[Date Prev][Date Next][Thread Prev][Thread Next][Date Index][Thread Index]
Re: [New module] Persistent Hash Array Mapped Tries (HAMTs)
From: |
Bruno Haible |
Subject: |
Re: [New module] Persistent Hash Array Mapped Tries (HAMTs) |
Date: |
Sun, 11 Oct 2020 03:28:33 +0200 |
User-agent: |
KMail/5.1.3 (Linux/4.4.0-189-generic; KDE/5.18.0; x86_64; ; ) |
Hi Marc,
Some comments:
* GL_HAMT_THREAD_SAFE can be defined to 1 not only if
__STDC_VERSION__ >= 201112 && ! defined __STD_NO_ATOMICS__
but also if
__GNUC__ + (__GNUC_MINOR >= 9) > 4
(see the other mail).
* Still '#ifdef GL_HAMT_THREAD_SAFE'.
* Typo s/comparision/comparison/
* Hamt_processor: The comment does not say what the return value means. Maybe it
would be clearer if this type was moved down to the "Iteration" section.

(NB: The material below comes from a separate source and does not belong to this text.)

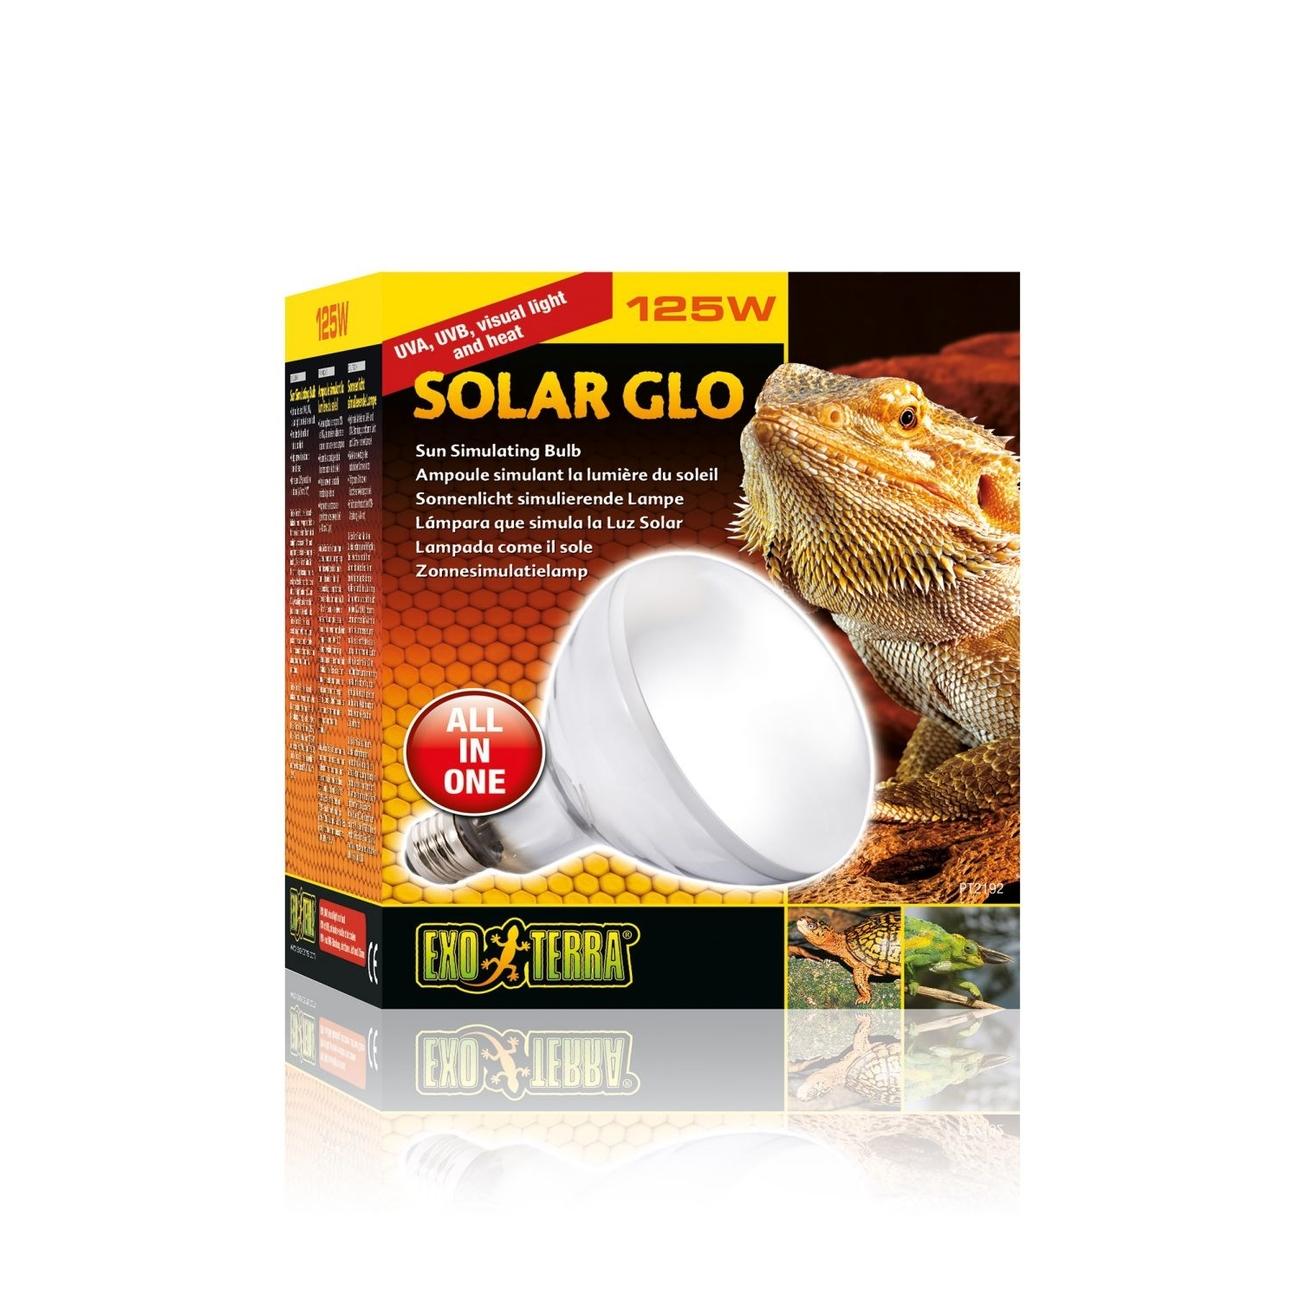 Exo Terra - Solar Glo, Bild 3

* hamt_lookup: If the caller is allowed to modify the payload stored in the
returned entry, this function should return a 'Hamt_entry *', not a
'const Hamt_entry *'. Just like 'strchr' and 'strstr' return a 'char *',
not a 'const char *'.
* In trienode_count, you don't need count_one_bits_l, only count_one_bits.
It's OK to assume that 'uint32_t' and 'unsigned int' are the same type.
* If subtrie_lookup was inlined in entry_lookup, you could get rid of the
forward declaration of entry_lookup, and compilers would be more likely
to turn the recursion of entry_lookup into a loop (tail-recursion
elimination).
* If subtrie_do_while was inlined in entry_do_while, you could get rid of the
forward declaration of entry_do_while.
* It would be useful to be able to construct modules 'hamt-set' and 'hamt-map',
analogous to 'hash-set' and 'hash-map', but the hamt API currently has two
issues that block it:
1) The iterator API is such that you cannot write the iteration using a loop;
it involves a function call that is active during the entire iteration.
This is also problematic for two other reasons:
- Creating a closure in C (unlike Scheme or Lisp) is tedious hand-work.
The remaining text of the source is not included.